Don’t use hardware RAID, use a nice software RAID like zfs. 2 HDDS and an OS SSD would be a great use case for zfs.
Does it need to be 4 bay?
Aoostoar it is only a 2 bay though.
They have a AMD variant if you want to go down the Proxmox route with LXC or docker in a VM.
Then just go with debian+docker. As raid software i would recommend ZFS, its a filesystem that does both and also integrity on file level. (and lots more)
I personally would only buy new ones. No matter the brand just the best TB/€ you can get.
For MB basically every Chipset gives you 4 SATA ports. You could consider picking one that Supports unbuffered ECC memory but that is not a must. If you want to Hardware Transcode in Jellyfin, then Intel is probably your best since the dGPU with Quicksync is pretty good and well supported, otherwise i would go AMD.
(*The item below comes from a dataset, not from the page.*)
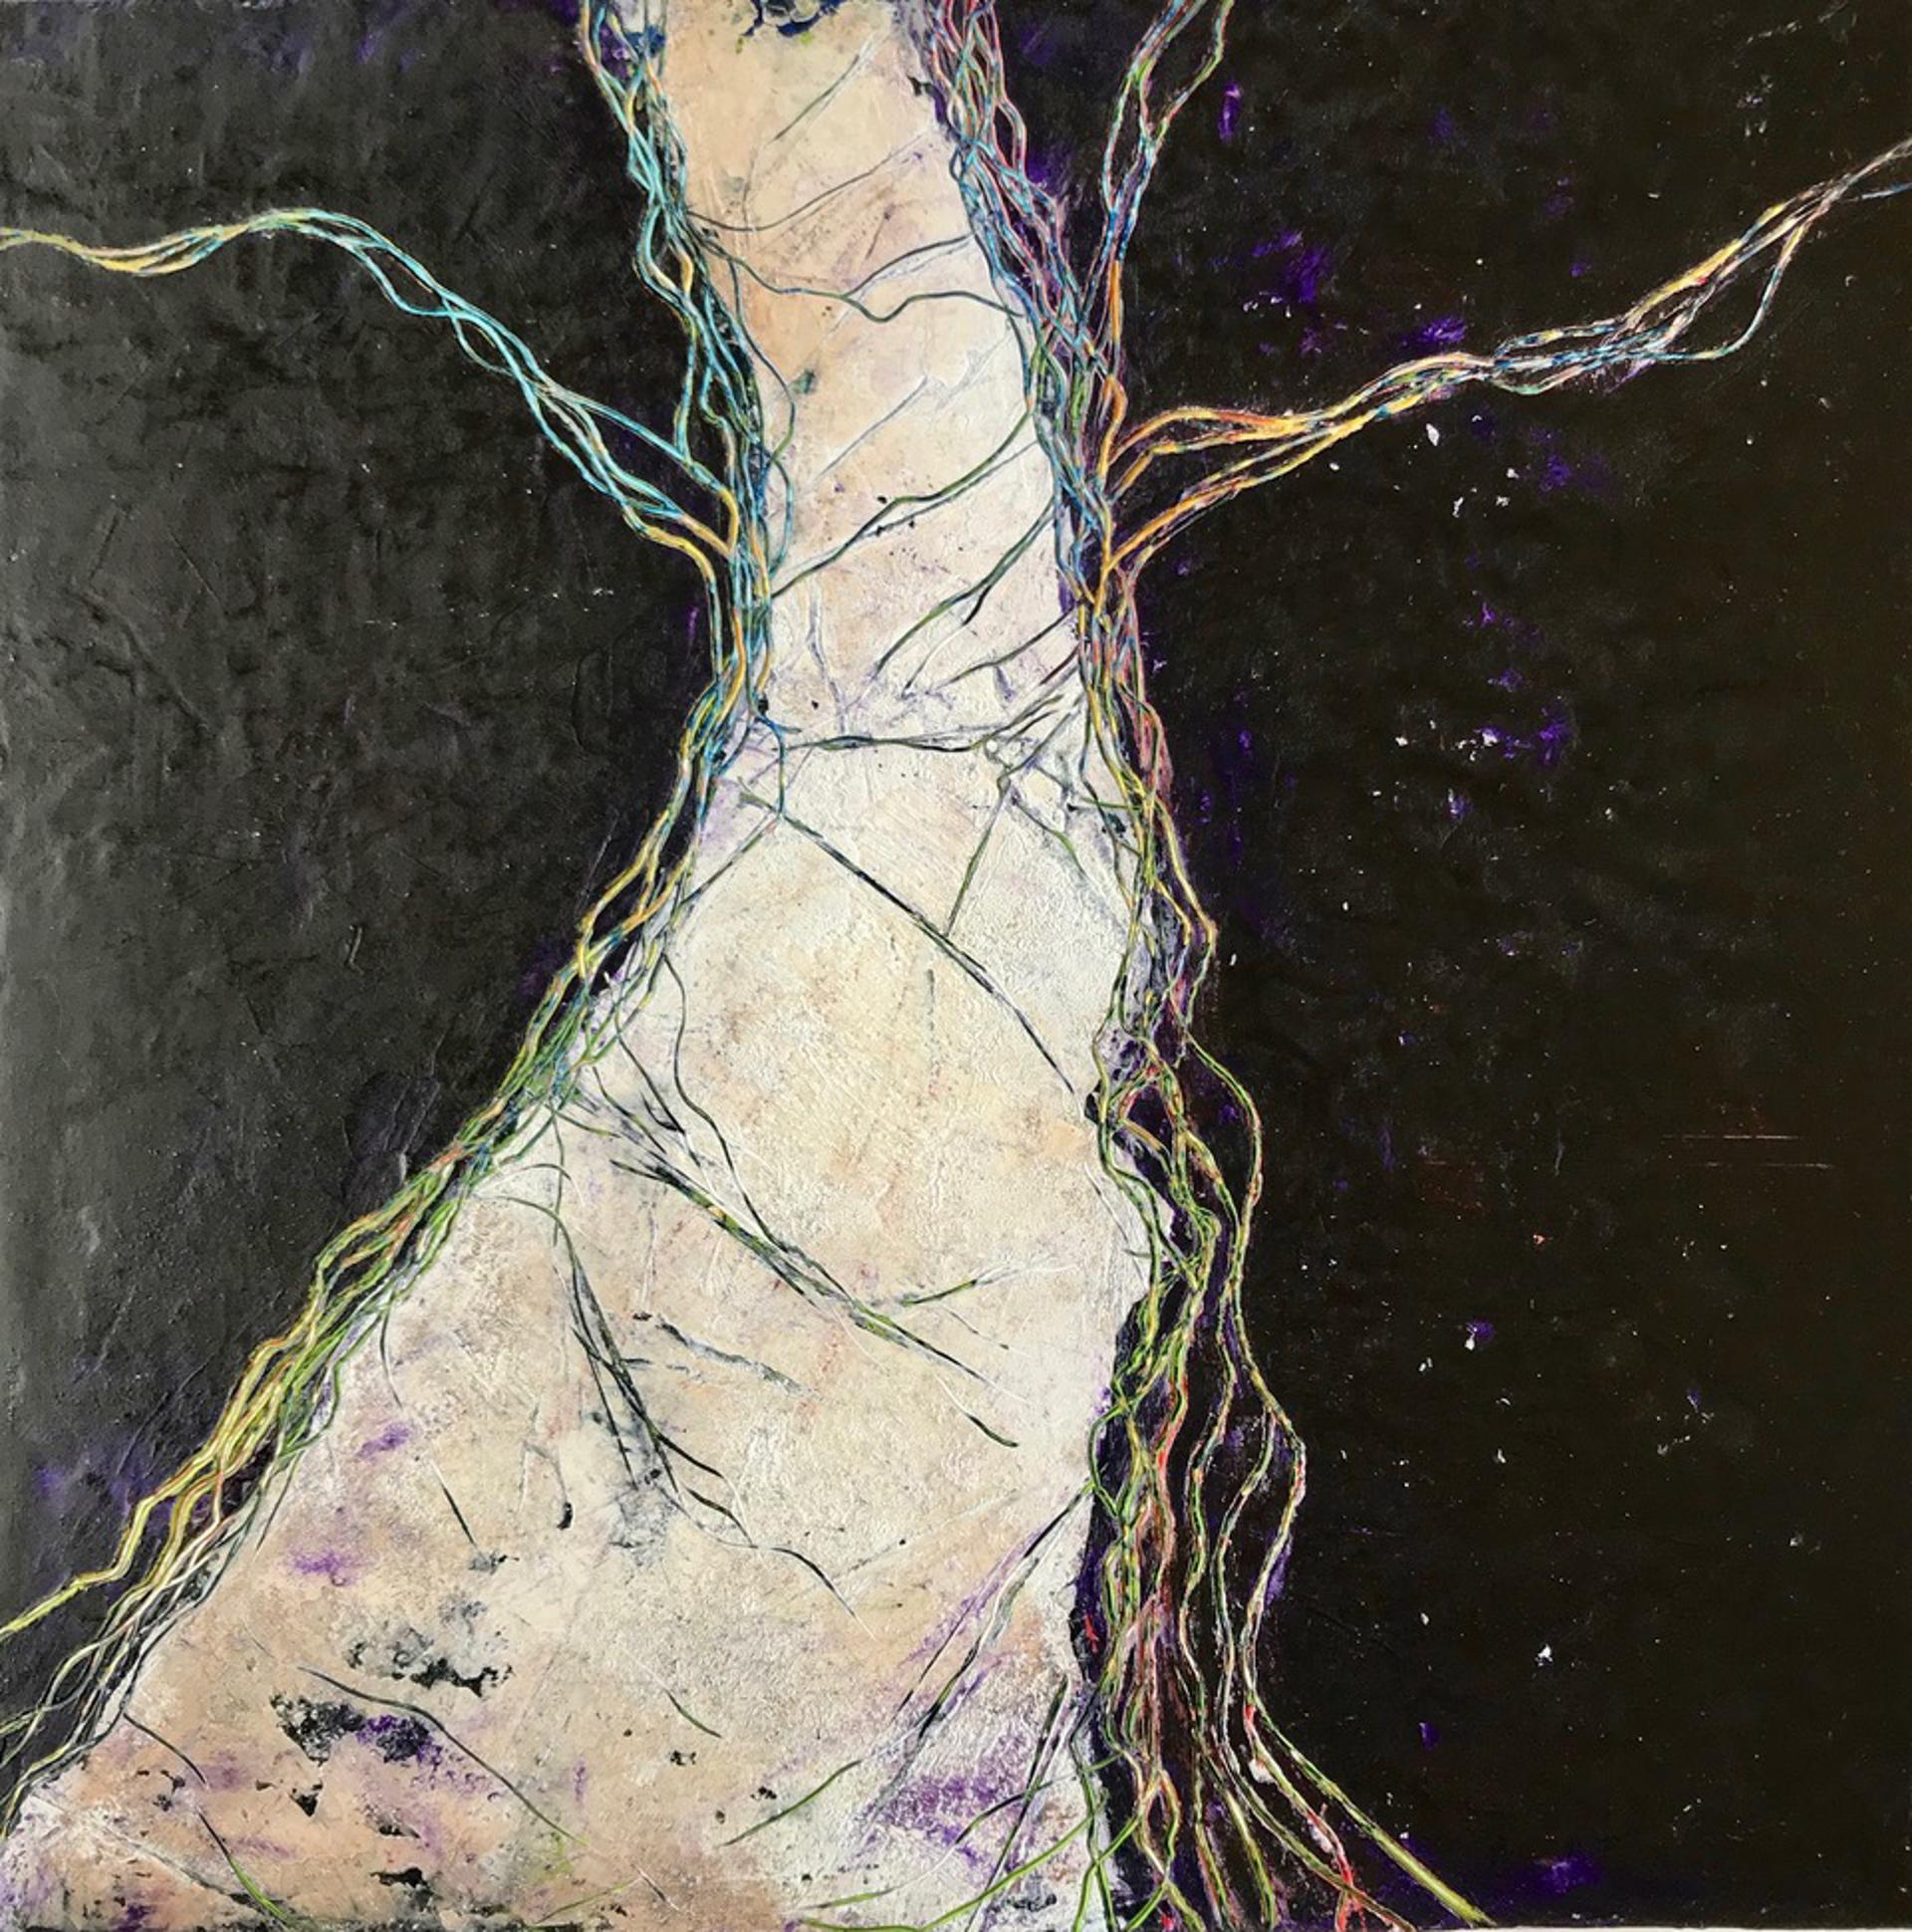 Abstract #10 by Lori Elliott-Bartle

For 4 drives you can use most ATX cases have no recommendations here.
Just make sure the drives are CMR, not SMR.
I’ve had a great experience with the TrueNAS Mini-X system I bought. ZFS has great raid options, and TrueNAS makes managing a system really easy. You can get a box built & configured by them, with 16 GB ECC RAM and five (empty) drive bays, for about $1150 at the most affordable end. https://www.truenas.com/truenas-mini/
One thing to be careful about: you can’t add drives to a ZFS vdev once it’s been created, but you can add new vdevs to an existing pool. So, you can start with two mirrored drives, then add another two mirrored drives to that pool later.
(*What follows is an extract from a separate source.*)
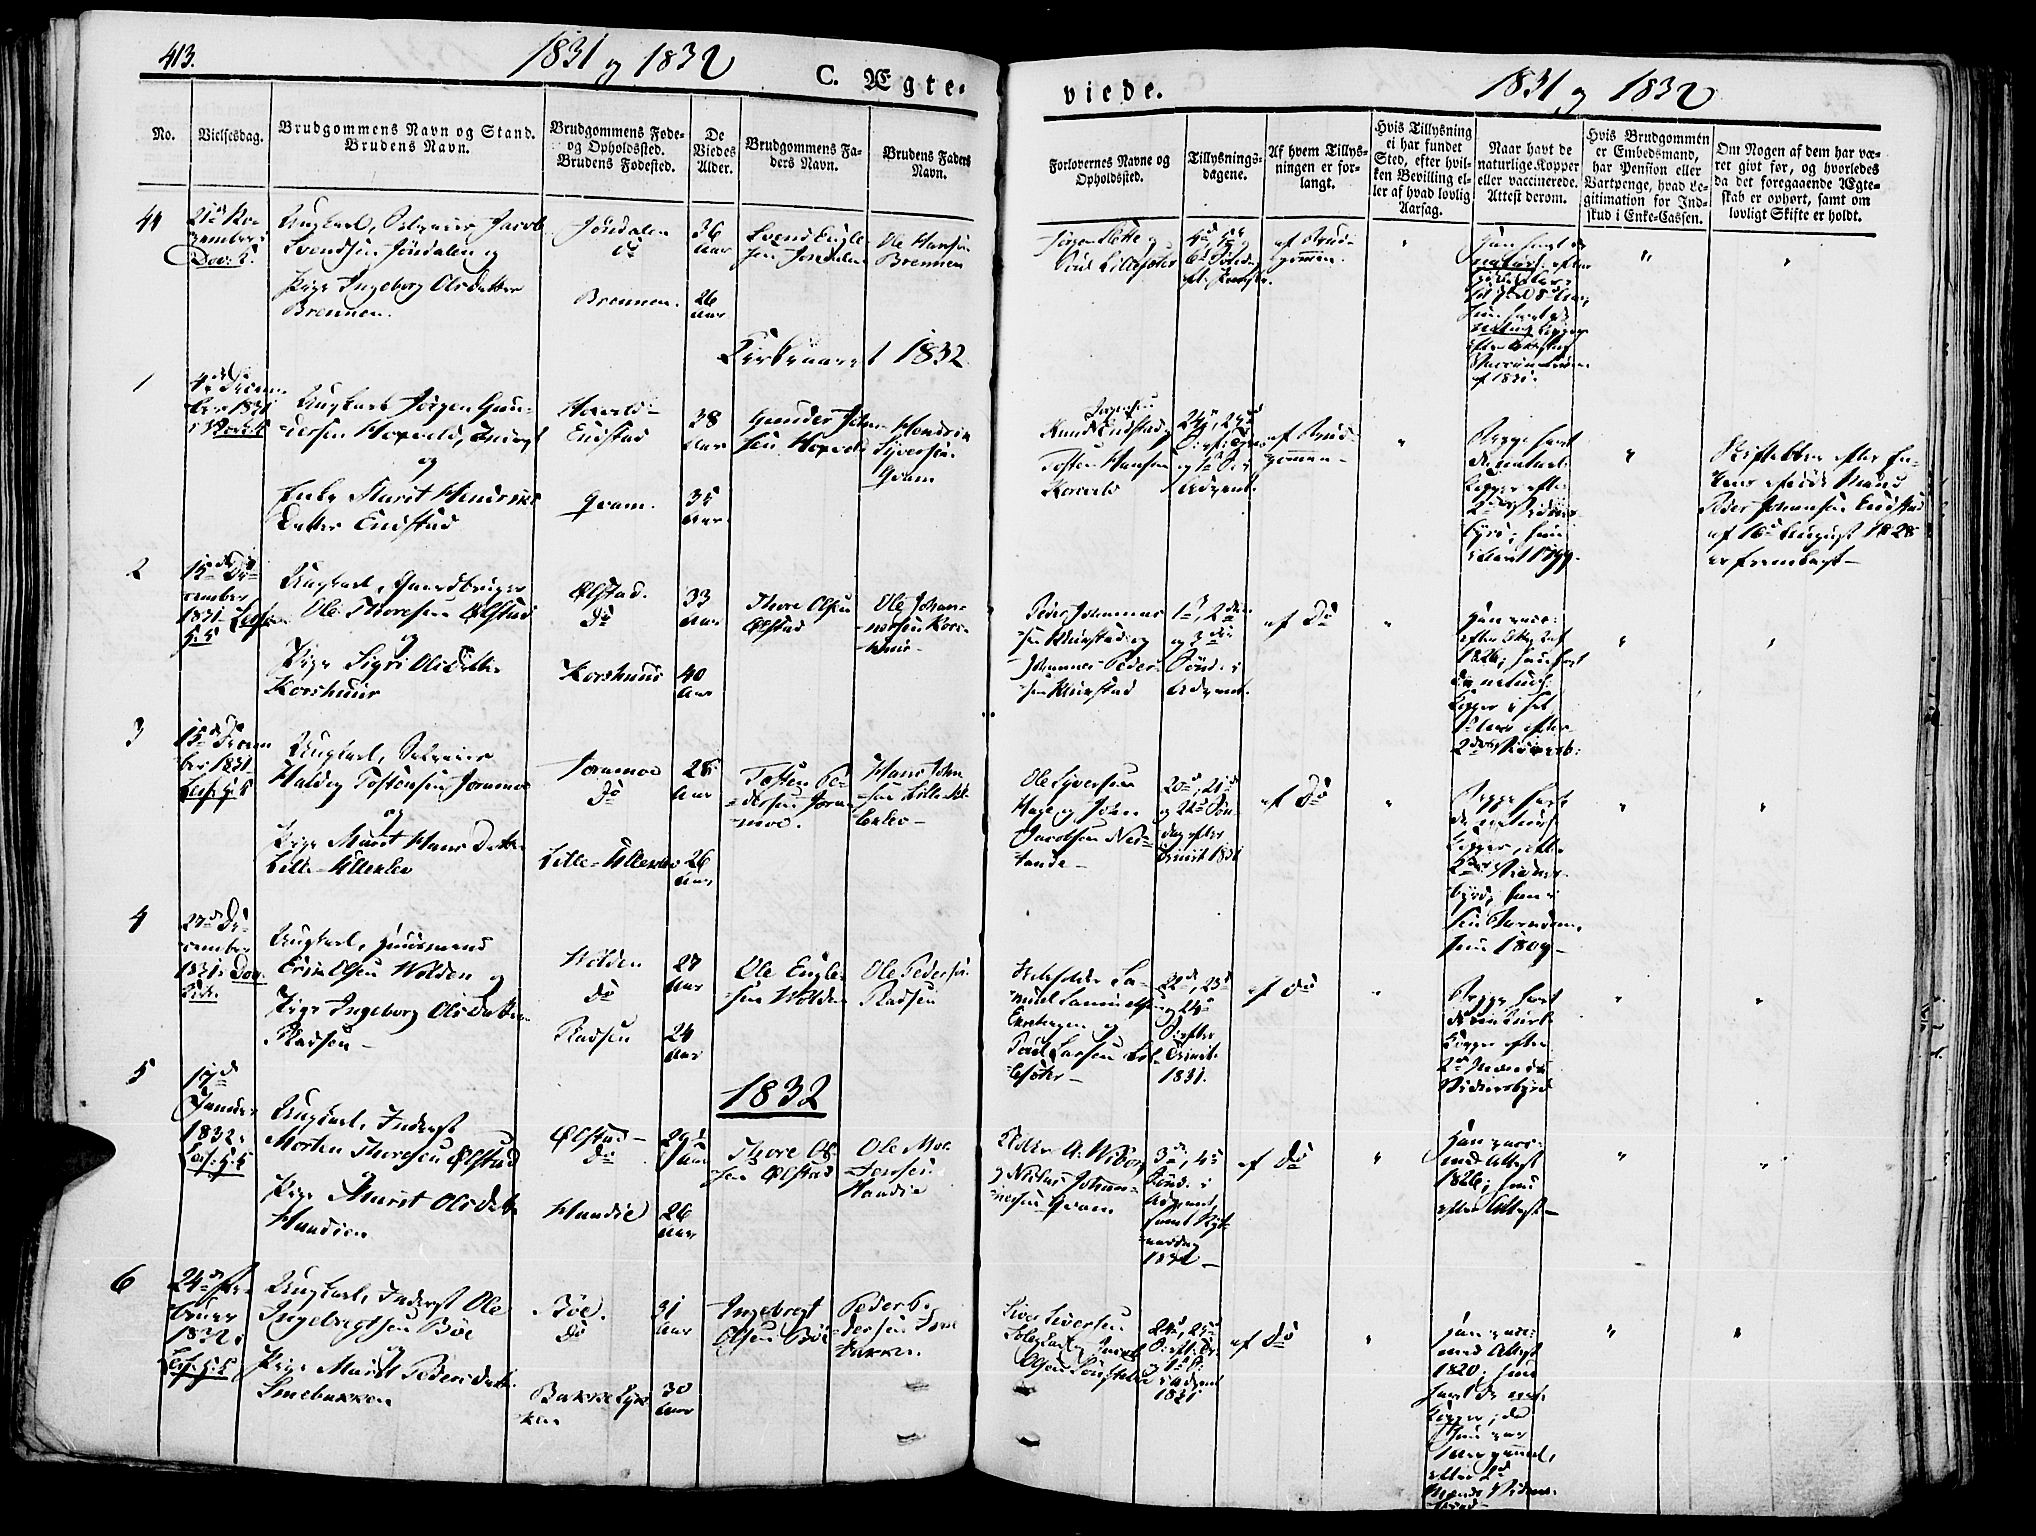 SAH, Lesja prestekontor, Ministerialbok nr. 5, 1830-1842, s. 413

(A vdev is a sub-unit of a ZFS storage pool, and you have to choose your RAID topology for each vdev and then compose those into a storage pool)
ZFS vdev expansion is a thing that will probably be added to the next ZFS release.
Ofc it is not released yet, so i would not recommend designing a system for it for the near future.
For HDDs the best way is to think of them like shoes or tires. They will eventually fail, but they also may fail prematurely. I always recommend having a spare drive ready.